8. restart, try modprobe again

no garanty, but perhaps a little help

mfg borsdel

----------

## Javanni

No way!  :Sad: 

----------

## superwutze

according to http://www.root-forum.org/showthread.php?p=4897 there are several problems at once in the r1000 driver (including a typo  :Shocked:  ).

i followed the howto in the first post and it works great!

translation:

become root

```
su -

***password***
```

unpack the archive of the 1.03 driver package

```
unzip linux-r1000(103).zip
```

copy the r1000 folder into your kernel-source-tree

```
cp -a r1000 /usr/src/linux/
```

they copy the src directory contained inside the r1000 folder also to the kernel-sources, i did it with a symlink

```
ln -s /usr/src/linux/r1000/src /usr/src/linux/
```

now go to the r1000 folder (as root) and try to compile

```
cd /usr/src/linux/r1000

make clean modules
```

if that works then you are on the lucky side (or using an old kernel-version   :Very Happy:  )
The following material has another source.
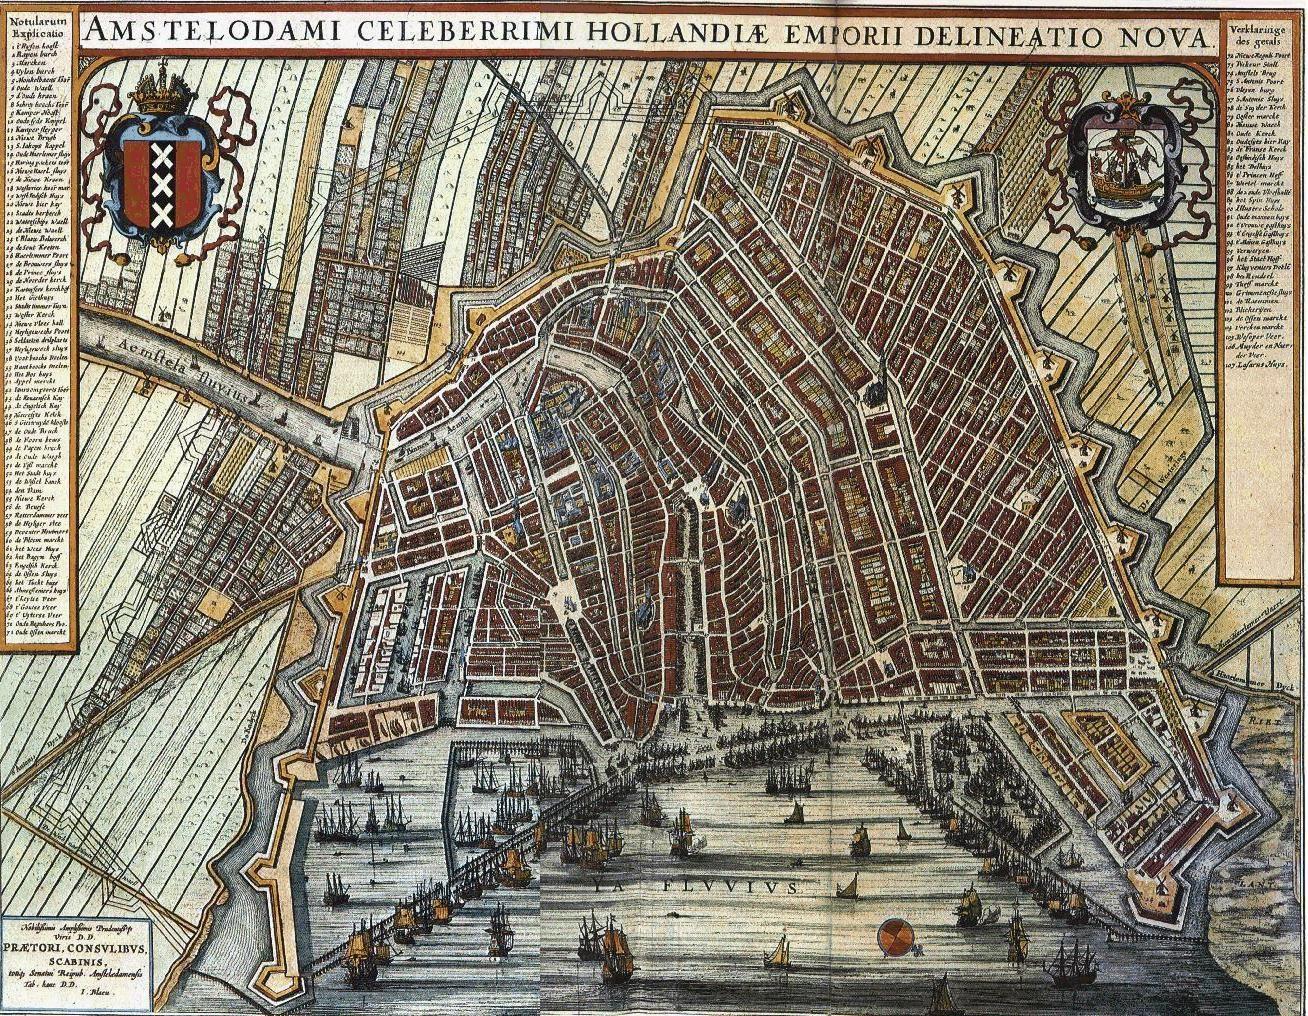 Httpodurletrugnlmapsimagesblaeuamsterdamjpg Travel - Amsterdam old map

now they give two options:

i386: edit line 46 in r1000/src/r1000_n.c:

```
from

MODULE_PARM (media, "1-" __MODULE_STRING(MAX_UNITS) "i");

to

MODULE_PARM_DESC (media, "1-" __MODULE_STRING(MAX_UNITS) "i");
```

now it should compile

amd64: edit line 1450 in r1000/src/r1000_n.c:

```
from

synchronize_irq (entdev->irq);

to

synchronize_irq (netdev->irq);
```

that's a typo   :Shocked: 

now it should compile

as i am using amd64 linux i can approve that the amd64-fix works!

----------

## dlewin

What I don't understand is that there is not any kernel source in /usr/src , where do you take it from ?

----------

## superwutze

if you installed gentoo according to the gentoo handbook the kernel source resides in /usr/src/linux-xx.yy-rz and /usr/src/linux is a symlink to that directory

if there is really nothing there try

```
emerge gentoo-sources
```

----------

## superwutze

something to mention:

with 2.6.17 the compile fails because there is some old definition in the r1000_n.c code. there you have to replace

```
MODULE_PARM
```

with

```
MODULE_PARM_DESC
```

and it works

----------

## dlewin

that is exactly I was looking for, thanks.

----------

## socksz

Yes but.. i'm on livecd and i have the same problem..

ls -l /usr/src report:

total 0.

:S how can i compile without kernel sources? my net is down.

----------

## socksz

 *socksz wrote:*   

> Yes but.. i'm on livecd and i have the same problem..
> 
> ls -l /usr/src report:
> 
> total 0.
> ...

 

uhm.. if possible load drivers on LIVECD or not?

if yes, how? please..

----------

## superwutze

just upgraded to r1000 v 1.04, the typo is gone but the MODULE_PARM error stays. now it is 3 times (lines 51,52,53 afair). simply replace MODULE_PARM with MODULE_PARM_DESC and it works like a charm. v 1.03 worked for me and v 1.04 works also (so far).

----------

## nader emami

 *borsdel wrote:*   

> moin,
> 
> here a translation from a german forum
> 
> 1. copy entire folder "r1000" from archive to /usr/src/linux
> ...

 

----------

## c0balt

 *superwutze wrote:*   

> just upgraded to r1000 v 1.04, the typo is gone but the MODULE_PARM error stays. now it is 3 times (lines 51,52,53 afair). simply replace MODULE_PARM with MODULE_PARM_DESC and it works like a charm. v 1.03 worked for me and v 1.04 works also (so far).

 

It still refuses to compile for me  :Sad: 

After I finally got gentoo-sources to emerge (had to download them on my desktop, put them on the notebook via windows boot, then copy them from win partition to /usr/portage/distfiles and it emerged^^)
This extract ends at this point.